Monday, November 30, 2015

Trip to the Wall

Having a half-day free on Saturday, I decided to walk to the Nalerigu Wall, about two miles distant. The wall is old and its history is complicated. People do not frequently slow down enough in their rush to the future to post a sign about what they are doing, Facebook notwithstanding.
However, in this case, the Nalerigu Wall is well documented to be from the 17th century, built by order of a Na Atabia (1688-1742), the king of the Mamprugu Empire (begun about 1350 by the “the red hunter,” whose army took most of NE Ghana, southern Burkina Faso, and northern Toga) from the indigenous farmers who had been there already for centuries. The grandson, Na Gbewa, held the empire together but his sons would not. They split it (amicably) into four kingdoms, each with its paramount chief. The Malaprusi chief is the Niyiri and is much honored and venerated by Malaprusis as well as the three other “gates” of the former empire. In turn, Malapruli princes have spawned other kingdoms further west. The Nyiri’s real powers, however, have been limited to judicial decisions since the coming of the republic in 1957. It is not really an inherited post, yet there has been no sanguinary conflicts to gain the paramount chiefdomship. Candidates must have a paramount chief as a father (not a unique distinction, he has 12 wives) but then must have gone through a rigorous tutelage of being a sub-chief of one flavor or another inside the larger kingdom, before he might claim the “lion skin” upon which rests his throne in his palace in Nalerigu. One requirement is that the candidate must be able to recite his lineage back seventeen generations to Na Atabia and the “red hunter.”
At any rate, Na Atabia was anxious to encourage trade (Slaves mostly sold for gold by Muslim traders) from Toga to Gambaga (just down the road a bit). Predation upon caravans was getting irksome and the fortification was erected to house warriors and, not surprisingly, tax collectors. The ruins remain.

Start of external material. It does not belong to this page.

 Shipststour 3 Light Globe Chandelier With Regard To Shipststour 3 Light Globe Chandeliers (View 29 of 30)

I start at 2:30, when the town is beginning to stir after avoiding the hottest time of the day from 11AM on (98 degrees by 10 AM, actual measurement). The sounds heard while walking through town are an experience: a cover of Bob Marley’s “Buffalo Soldiers” sung in Arabic, harpsicord music, Ghanaian patriotic songs, family arguments and “Frosty the Snowman.” Children and younger men and women try out their limited English (the official language, Ghana has a couple dozen languages but no one understands them all) on the funny white man.

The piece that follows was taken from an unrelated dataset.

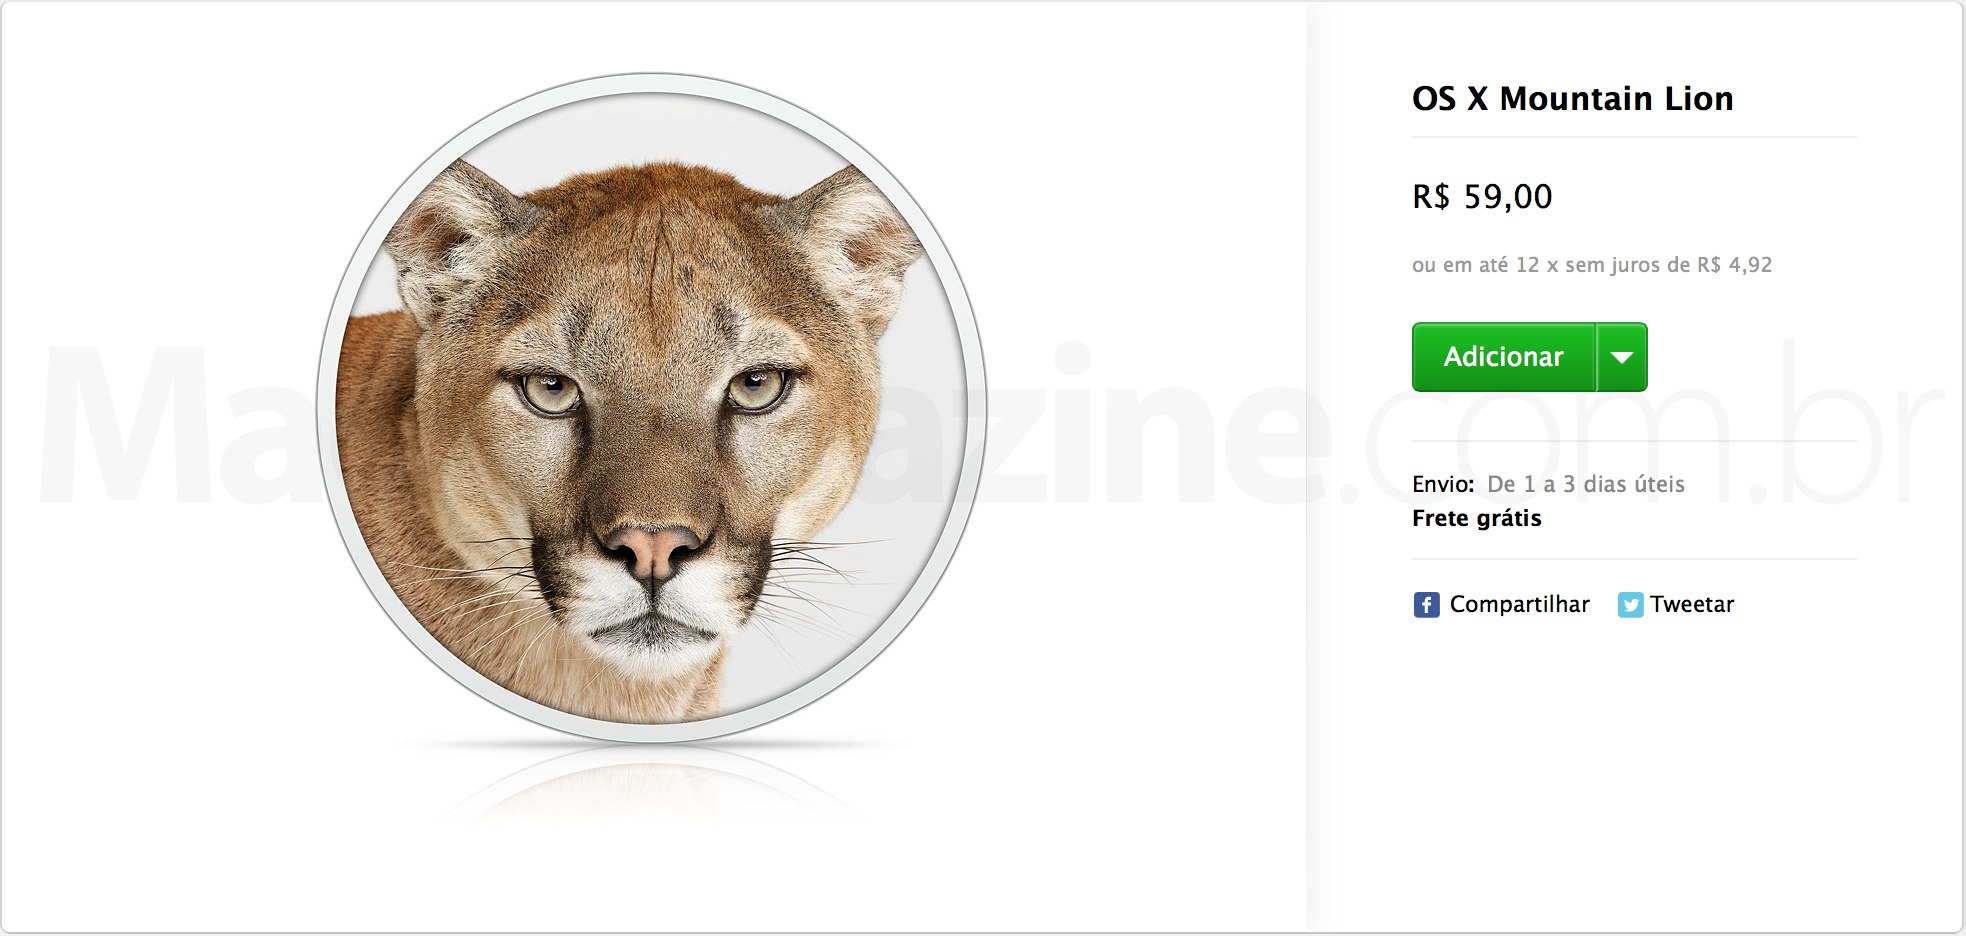 OS X Mountain Lion à venda na Apple Online Store

If anyone passes close it is important to acknowledge them with a greeting. The response to any greeting is “N-aaah” which mostly means “I acknowledge your greeting.” Dodging leaky and, at times, truculent goats, the odd pig, chickens, motorcycles and motorcycle-energized two-wheel carts takes a certain dedication of purpose. I pass three mosques and three churches. The smells of the town waft back and forth: grilling meat, wood smoke, fetid aromas, dust, humanity, and gasoline. Most of the commerce is motorcycle carts selling 50 gallon drums of water as well as the ubiquitous plastic water packets containing about 8 oz. of filtered water. The discarded packets for Bisvel Water are everywhere. I am able to get up to the Via Gambaga within 25 minutes and know to turn west on the road to get to the reservoir. This affair is probably 20 acres and about 6-10 feet deep. You do not drink from it. Potable water is Bisvel Water or wells, some dug by my friend Tommy (see a Day with Tommy in this blog).
Once I get within range of the reservoir, I find a way to cross the small outflow downstream from the earthen dam without confronting some pigs, hock deep in the mud and looking proprietary about it. I have no idea where “The Wall” it is except “near the reservoir.” I start to circle the lake, about a three mile circuit. Luckily within about a half mile I find the best preserved specimen (pictured). The highest segments are only about 7 feet high but the plan is massive.
The wall is made of an odd concrete-like adobe made in a huge circle. It was constructed using slave labor to safeguard the slave trade. At the time of its construction, Queen Ann was ruler of America. America was three generations from its conception. Ghana was old even then, old and civilized and it had been for a millennium.

I came back through town on a parallel road, passed the Niyiri’s digs, very impressive in a concrete and steel sort of way and stopped near the (Bus) Station because my purpose-bought phone would not recognize the sim card I bought for it just last week. The Vodaphone shop was nearly empty this late in the day (5:30 PM) and the young proprietor motioned me forward almost immediately. I showed him the “no SIM card” warning and he opened up the back, turned the card over and gave me a long hard look before he closed things up again. All fixed. He refused to take any money. I wish he had  not.